What is happening
As part of Adobe’s announced end of life software support plan for Magento 1, effective June 30, 2020 Adobe will no longer provide security patches for Magento 1.
Stripe remains committed to enabling users to securely use Stripe’s products within Magento 1. To that end, we encourage you to install our official Magento 1 module, which uses Stripe.js and Elements to simplify your site’s PCI compliance. Stripe will continue to release bug fixes and security updates for the Stripe Magento 1 module to ensure this solution follows Payment Card Industry Data Security Standards (PCI DSS).
PCI-DSS standards require that you maintain the security of all your e-commerce systems and applications. After the end of life, Adobe will no longer issue security patches for Magento 1. Therefore, to remain on Magento 1, you must obtain security patches from another provider to remain in compliance. This is referred to as a “compensating control”. Compensating controls can be considered in cases when a user can’t meet an individual PCI DSS requirement as explicitly stated. In this case, failure to implement compensating controls after the Magento 1 end of life will cause your business to be out of PCI DSS compliance. This raises the potential for non-compliance fines by the credit card networks, and any vulnerabilities that exist on your website could be targeted by an attacker, putting your customer data at risk.
How to remain compliant with PCI DSS on Magento 1
If you’re currently using Magento 1, you must take one of the following actions to maintain your business’s PCI DSS compliance after June 30, 2020. If you fail to take the appropriate action you can face fines from the card networks for non-compliance with PCI, and potentially significant fines if you suffer a data breach as a result of non-compliance. During your annual PCI verification, your PCI Qualified Security Assessor (QSA) must validate your Magento 1 compensating control and document the results in your Attestation of Compliance (AOC). This AOC is required to be provided to Stripe on an annual basis to demonstrate your compliance with PCI. If you don’t host your Magento 1 site with one of the secure providers listed below, you’ll be required to provide additional certification of your Magento 1 compensating controls by a PCI Qualified Security Assessor (QSA).
Use a Magento 1 managed hosting provider
The managed hosting providers listed below offer solutions that will allow you to meet your PCI obligations after the Magento 1 end of life.
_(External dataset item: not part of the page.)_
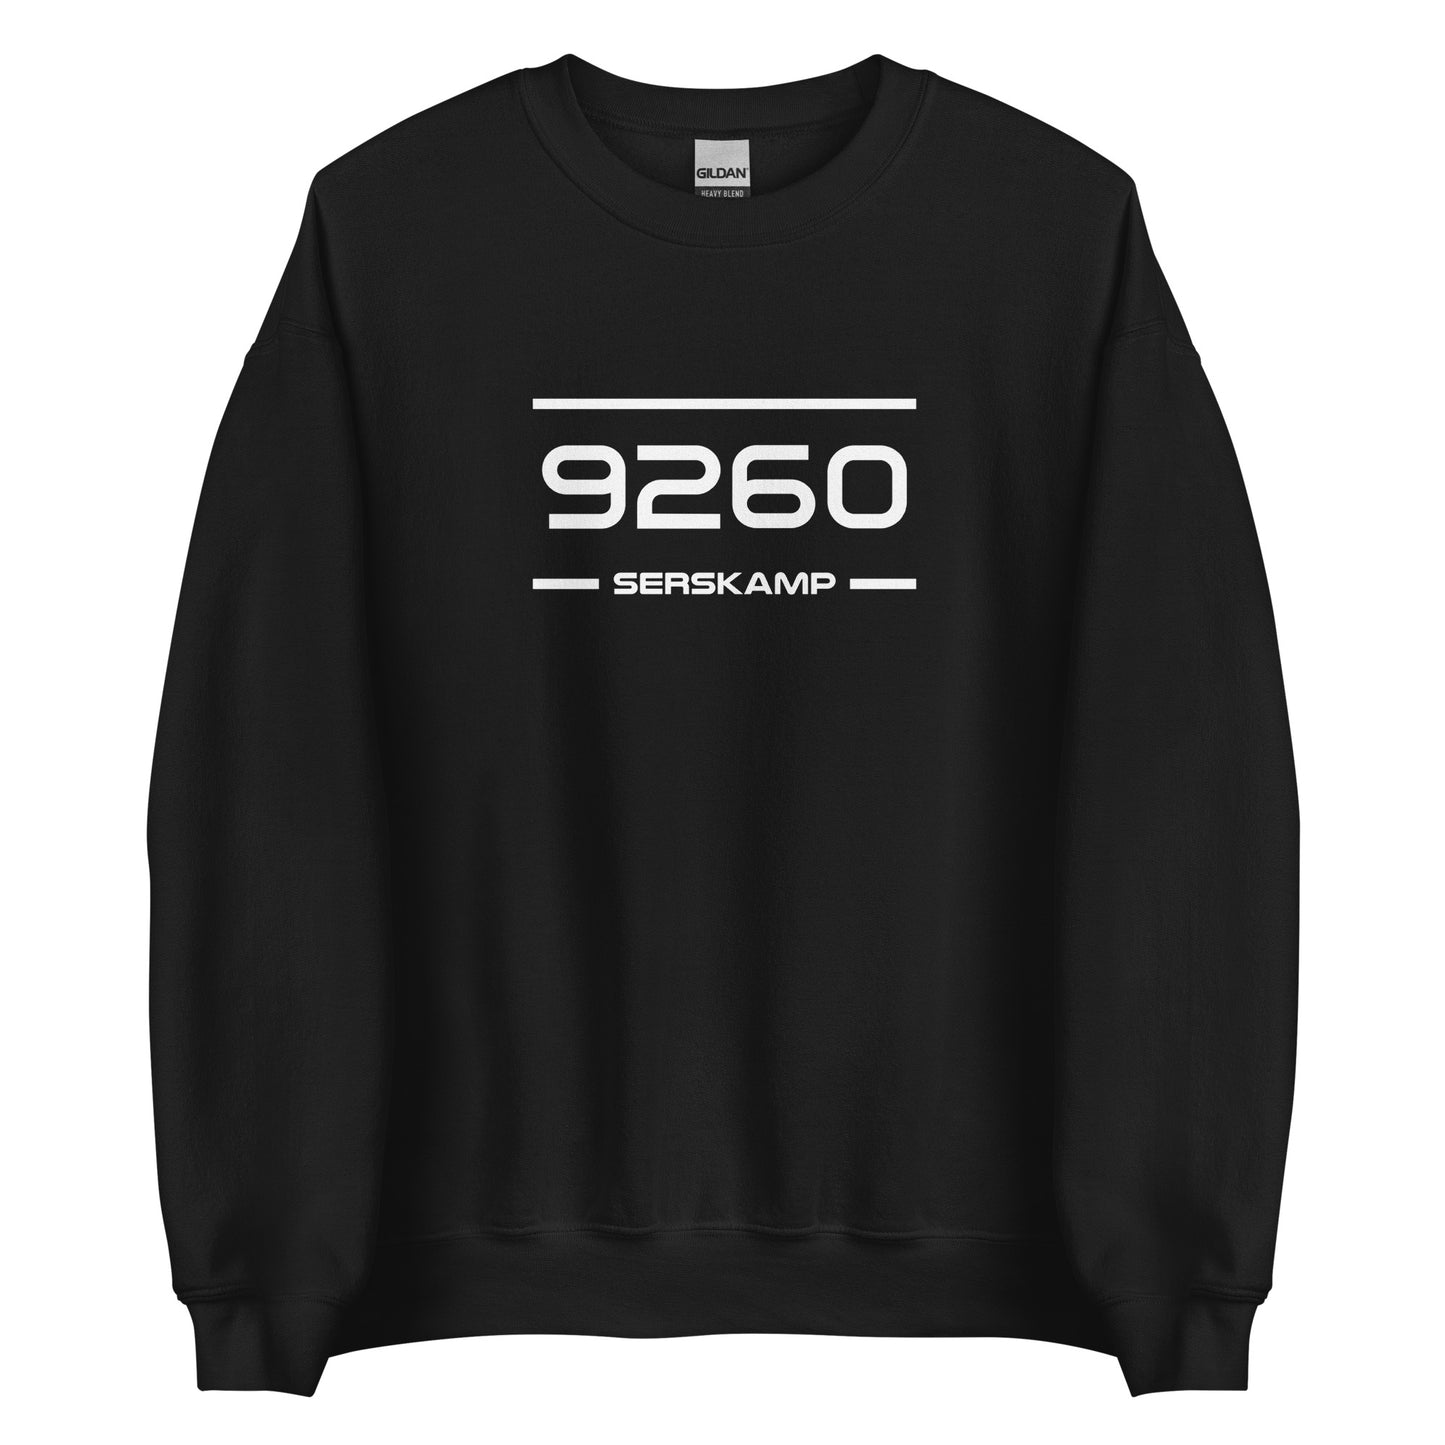 Sweater - 9260 - Serskamp (M/V)

These providers are PCI DSS Level 1 Certified and will help you implement compensating controls that can mitigate the risks associated with the Magento 1 end of life.
The options below are a selection of the Magento 1 alternatives that may work for you.
Nexcess Magento 1 Safe Harbor is a paid service provided by hosting company Nexcess. They provide security and technology upgrades as part of their hosting subscription for an additional fee.
WebScale is associated with the Magento Association to have partners deliver patches and security fixes. Their support comes with a WAF installed as a C-Name change which supports most known CDNs and Varnish solutions. Their solution allows merchants and developers to manage IP pings and traffic requests to create heuristic blocks and see real-time traffic analytics.
Migrate to Magento 2
If you decide migrating to Magento 2 is the best option and need development support for your migration, Stripe has verified Magento Experts who can help you. These verified partners are experienced with both Stripe and Magento and you can engage their services to help replatform your system to Magento 2.
Replatform to another ecommerce provider
Stripe is supported by all major e-commerce platforms. If you’re evaluating other e-commerce platforms outside of Magento, please consult Stripe’s ecommerce partner directory to find verified, pre-built e-commerce solutions to help you accept payments in your store. We partner with many e-commerce platforms to help you create the ideal shopping experience, from website to checkout optimization, with no coding required.